The right to education bill commits the government to implementing the “neighbourhood schooling system” across India within three years, despite opposition to some provisions from the Planning Commission, officials have told The Telegraph.

The Free and Compulsory Education Bill will not just guarantee schooling to all children between 6 and 14, it is obliged to provide schooling within the block in which the student lives.

Educators have long been demanding neighbourhood schooling. But successive governments have never committed themselves to the concept, which requires a basic uniformity in regulations and standards that many private schools are opposed to.

The idea enshrined in the bill is loosely modelled on the British comprehensive school system that caters to nearly 90 per cent of secondary school students there.

Like the British system, the right to education bill bars schools from selecting students through a screening process that aims to gauge their aptitude. Schools — public, aided or private — can only admit students through a random lottery under the bill.

Any school that screens students for admission will be fined Rs 25,000 the first time and Rs 50,000 for subsequent violations.

Capitation fees are also banned.

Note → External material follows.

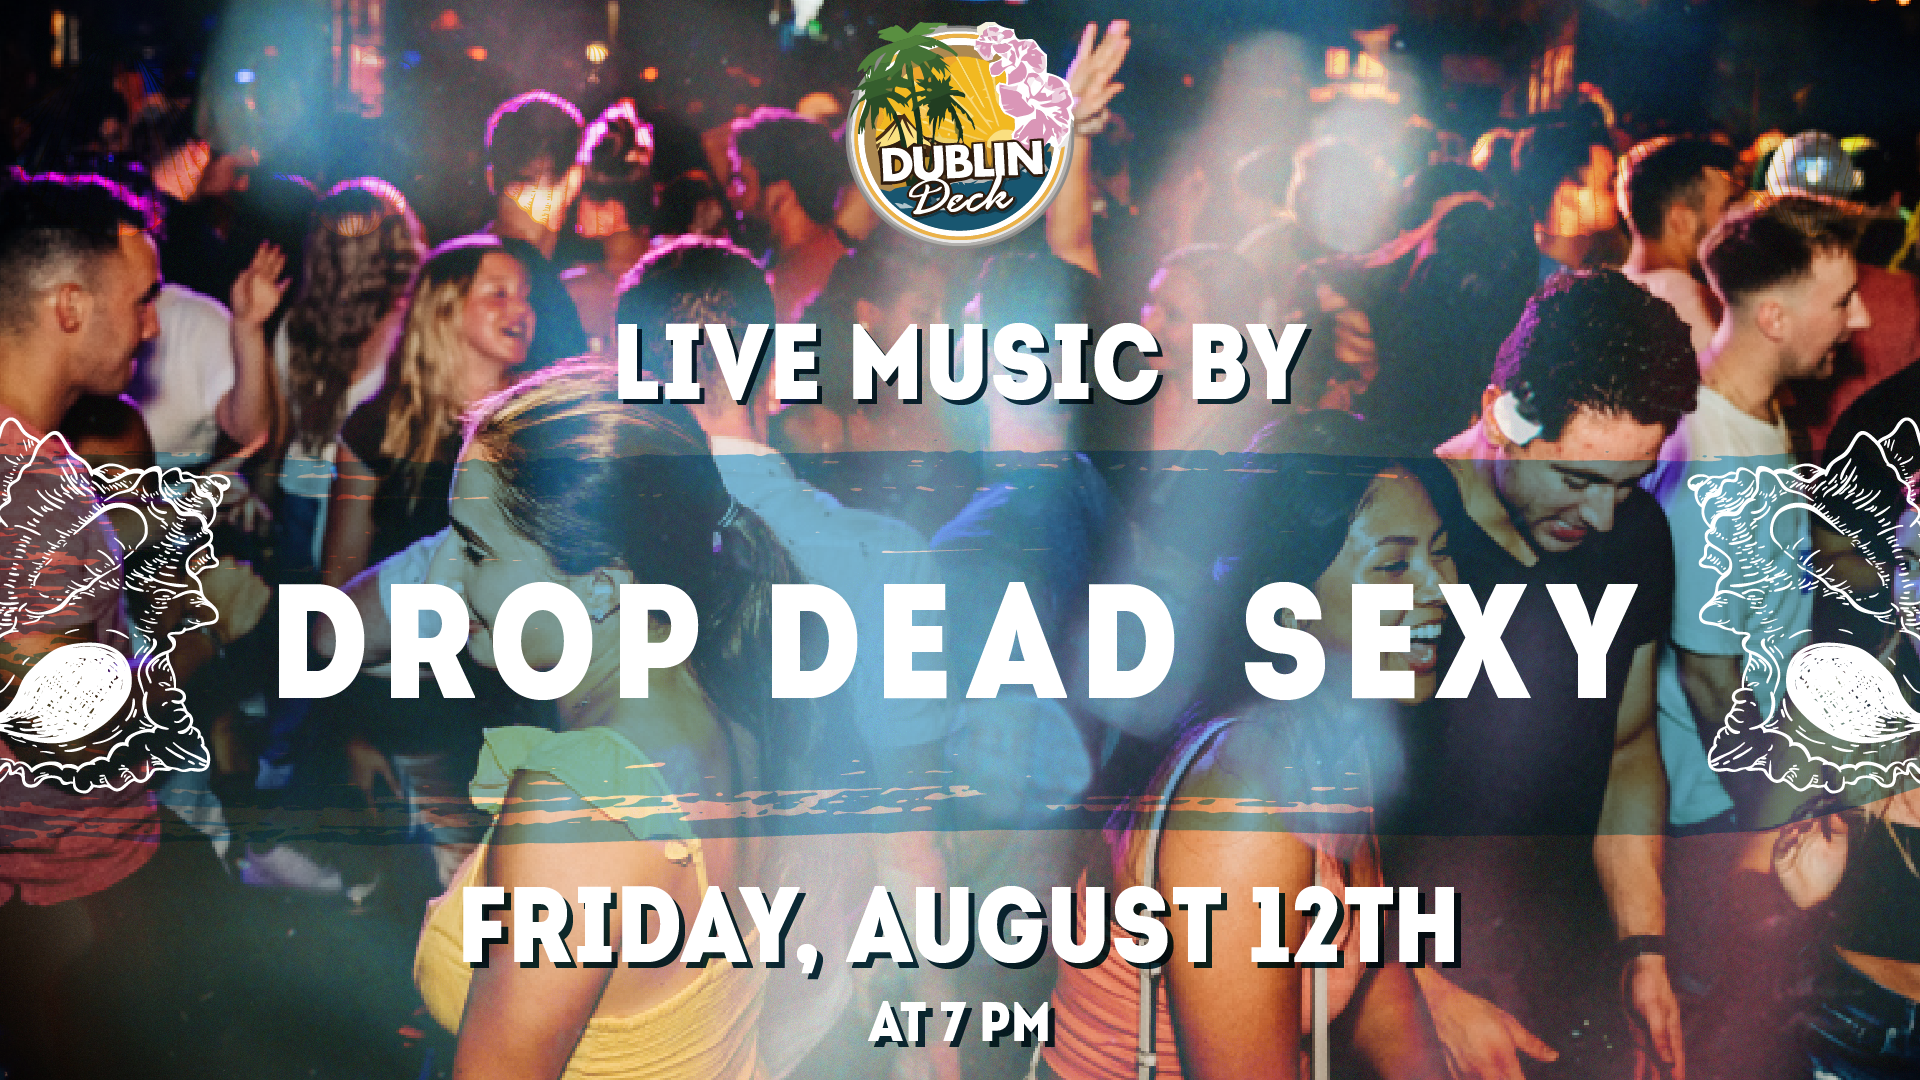 Kick off the weekend with Drop Dead Sexy hittin' the stage! Music begins at 7PM

A school that asks guardians to pay any fee beyond that involving the child’s schooling can be fined up to 10 times the amount it had sought.

The Planning Commission opposed the bar on admission tests — a stand echoed by many private schools that want to continue screening their students.

The bill bans the practice of hiring parateachers — part-time teachers with either no training or lesser training than that required for full-time teachers in schools.

Several private schools, and many state governments, hire parateachers since they have to be paid less.

The bill strikes out several other “impediments” that officials argue deny aspiring students access to schooling, especially in rural India and among the poor, semi-literate and illiterate sections.

Under the bill, students will not need to provide a birth certificate to prove their age: the parents’ word will do. Also, a school cannot deny a student admission because he doesn’t have a transfer certificate.